▶ [Dataset section]:
----------------------------------------
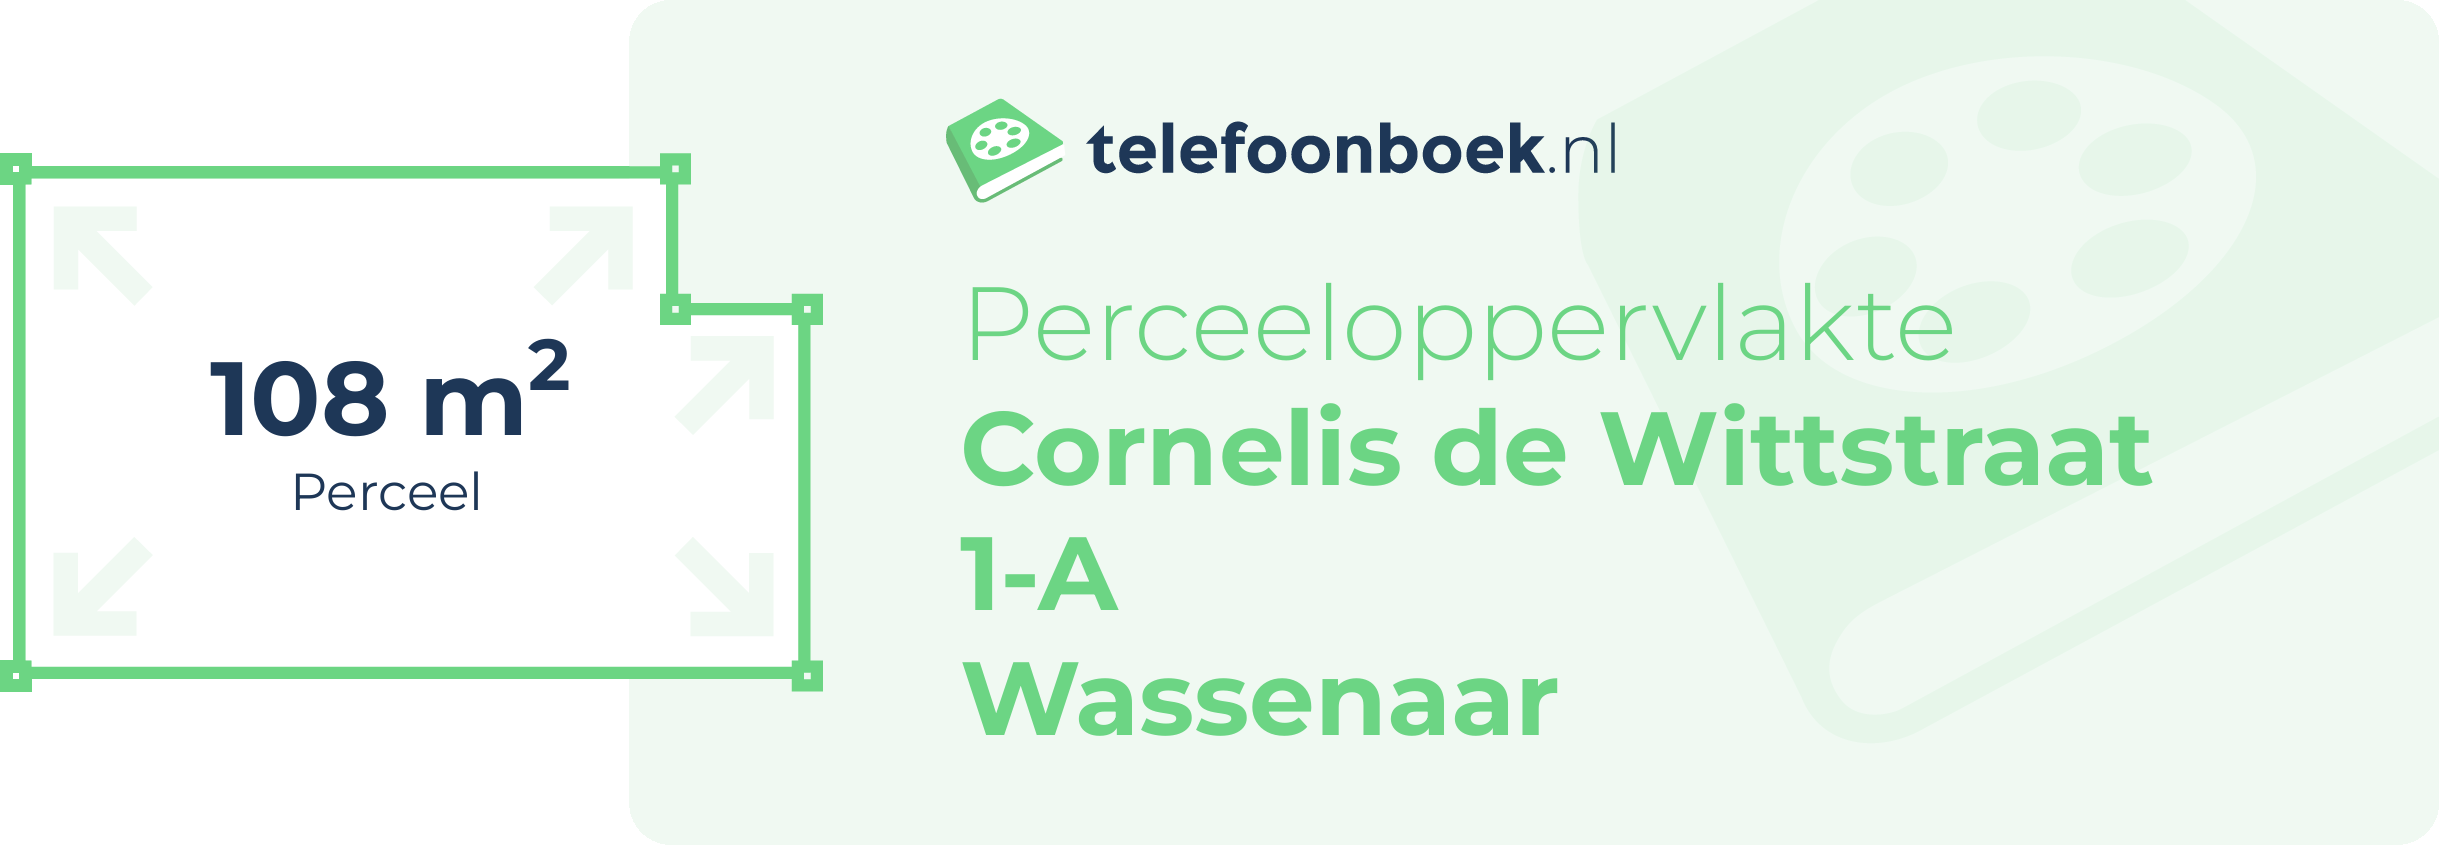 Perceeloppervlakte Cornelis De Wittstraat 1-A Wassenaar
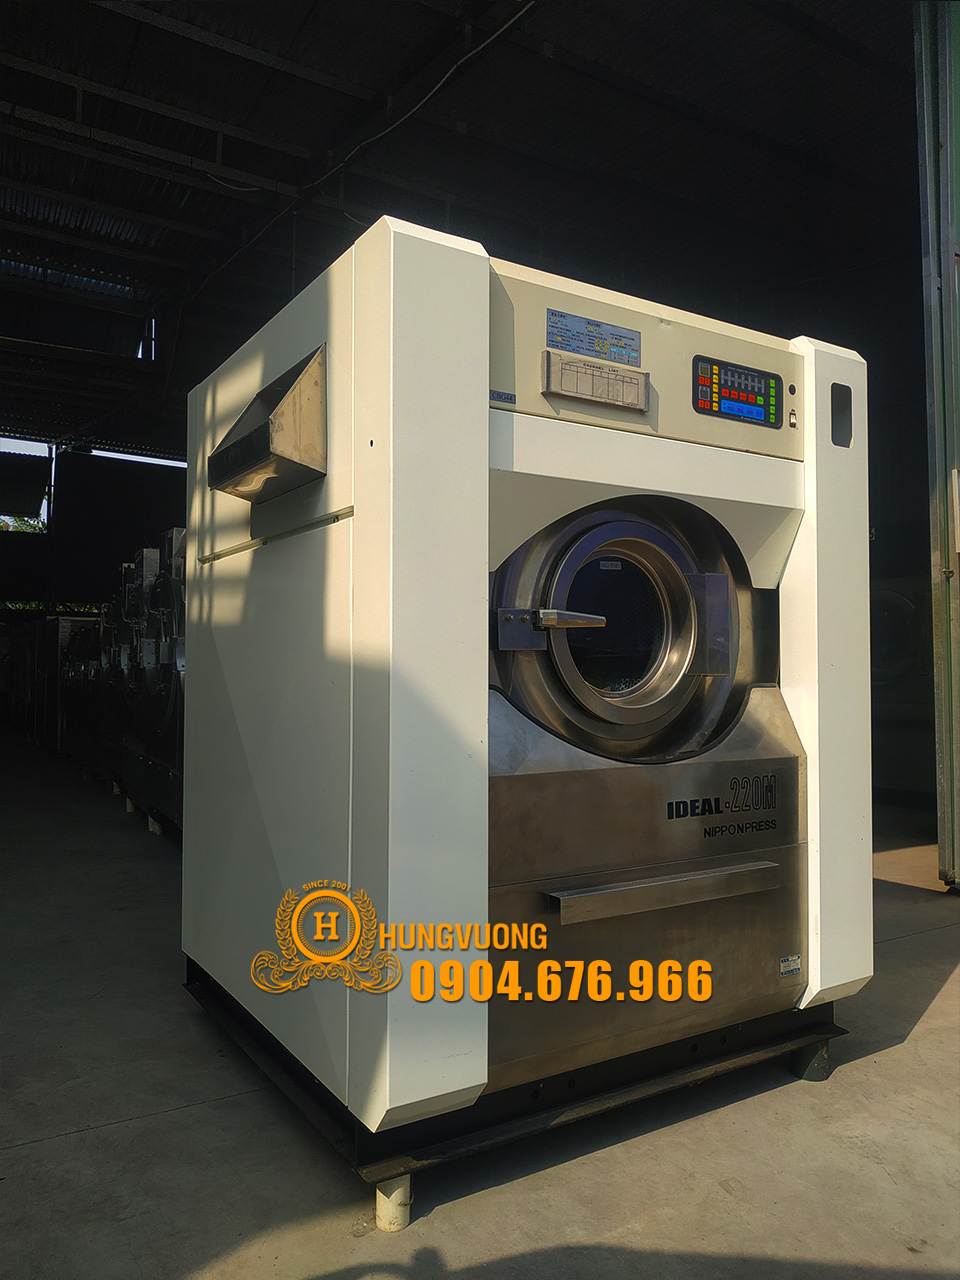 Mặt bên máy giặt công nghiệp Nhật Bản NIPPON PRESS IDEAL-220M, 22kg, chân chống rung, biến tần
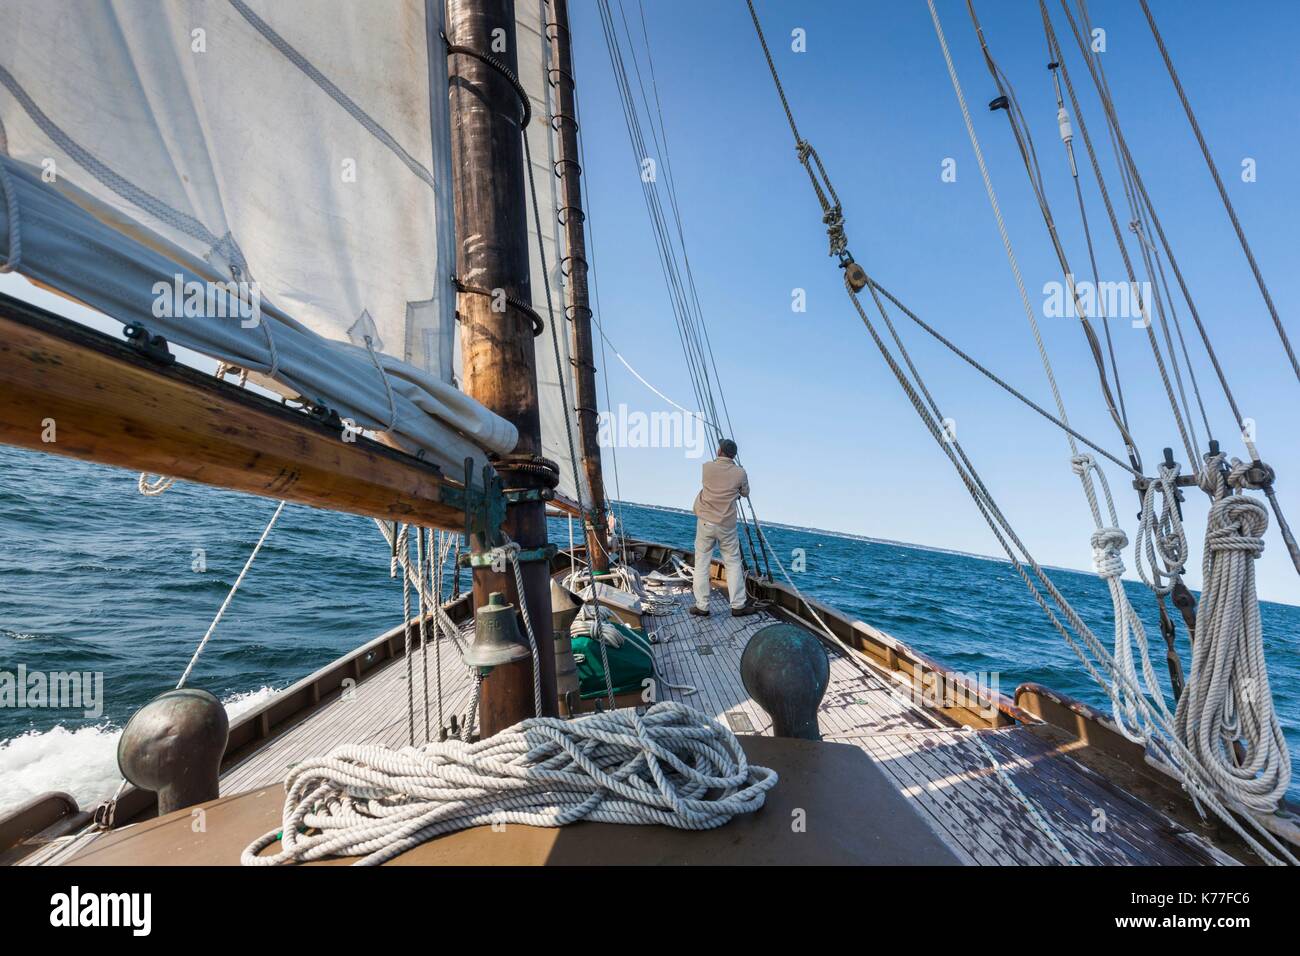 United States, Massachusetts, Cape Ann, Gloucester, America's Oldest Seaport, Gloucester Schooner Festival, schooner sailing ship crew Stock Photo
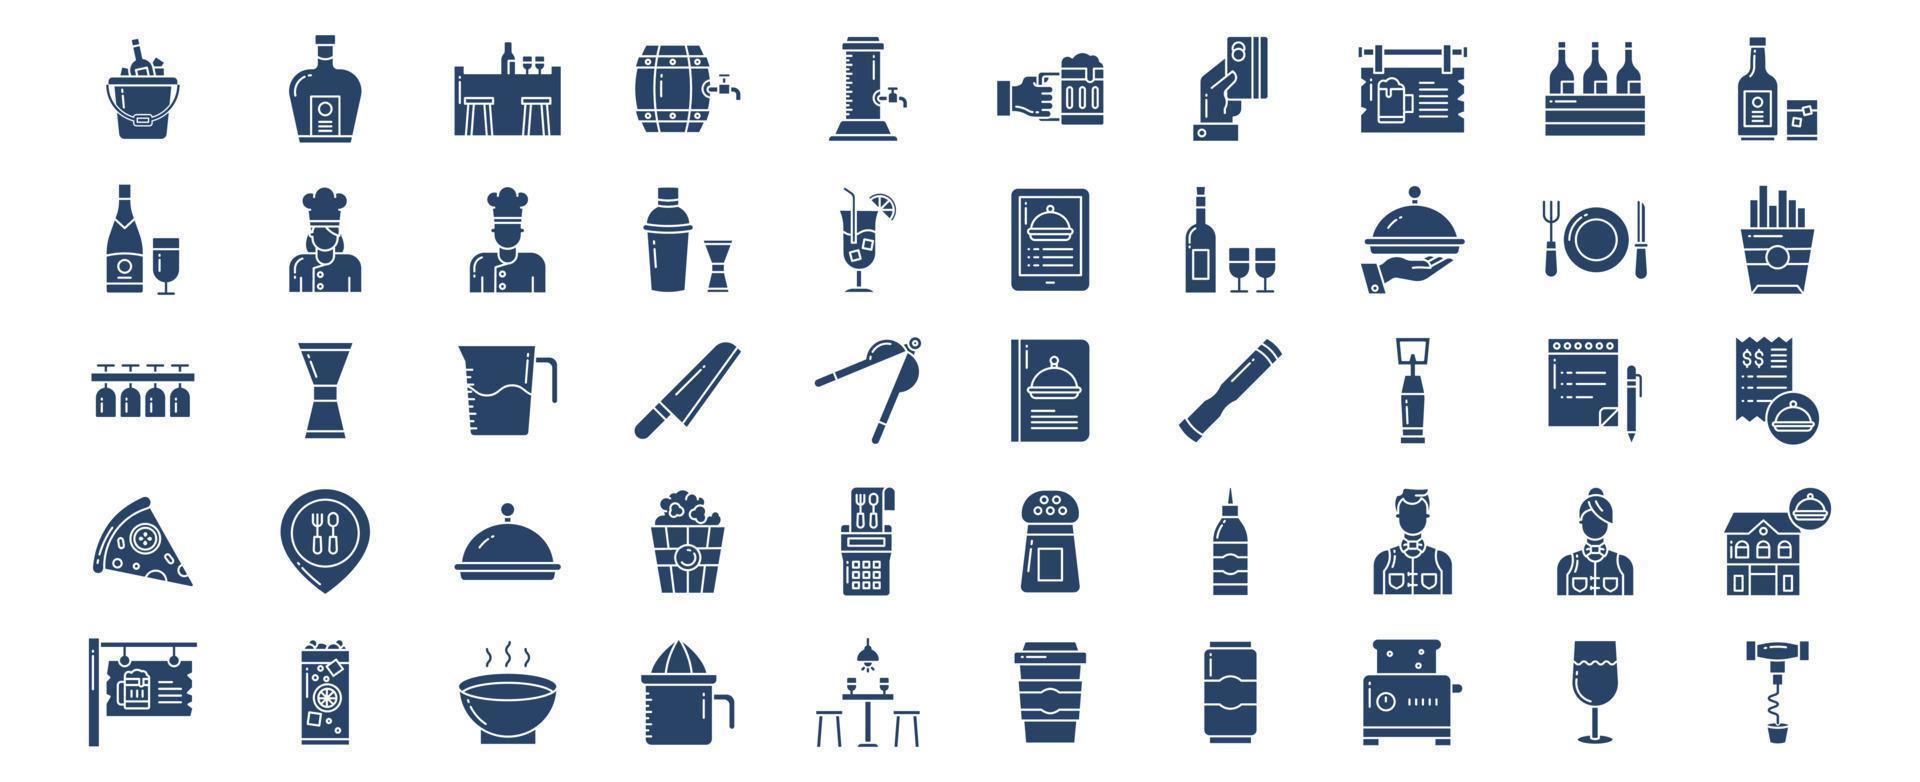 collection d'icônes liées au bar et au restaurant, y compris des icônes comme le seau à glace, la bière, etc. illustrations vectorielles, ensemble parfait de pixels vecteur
----------------------------------------
▶ [What to do]: Every line between the one containing "United States, Massachusetts, Cape" and the last line of the data above, both included, should be copied exactly, but not the pictures.

▶ [Solution below]:
 United States, Massachusetts, Cape Ann, Gloucester, America's Oldest Seaport, Gloucester Schooner Festival, schooner sailing ship crew Stock Photo
 collection d'icônes liées au bar et au restaurant, y compris des icônes comme le seau à glace, la bière, etc. illustrations vectorielles, ensemble parfait de pixels vecteur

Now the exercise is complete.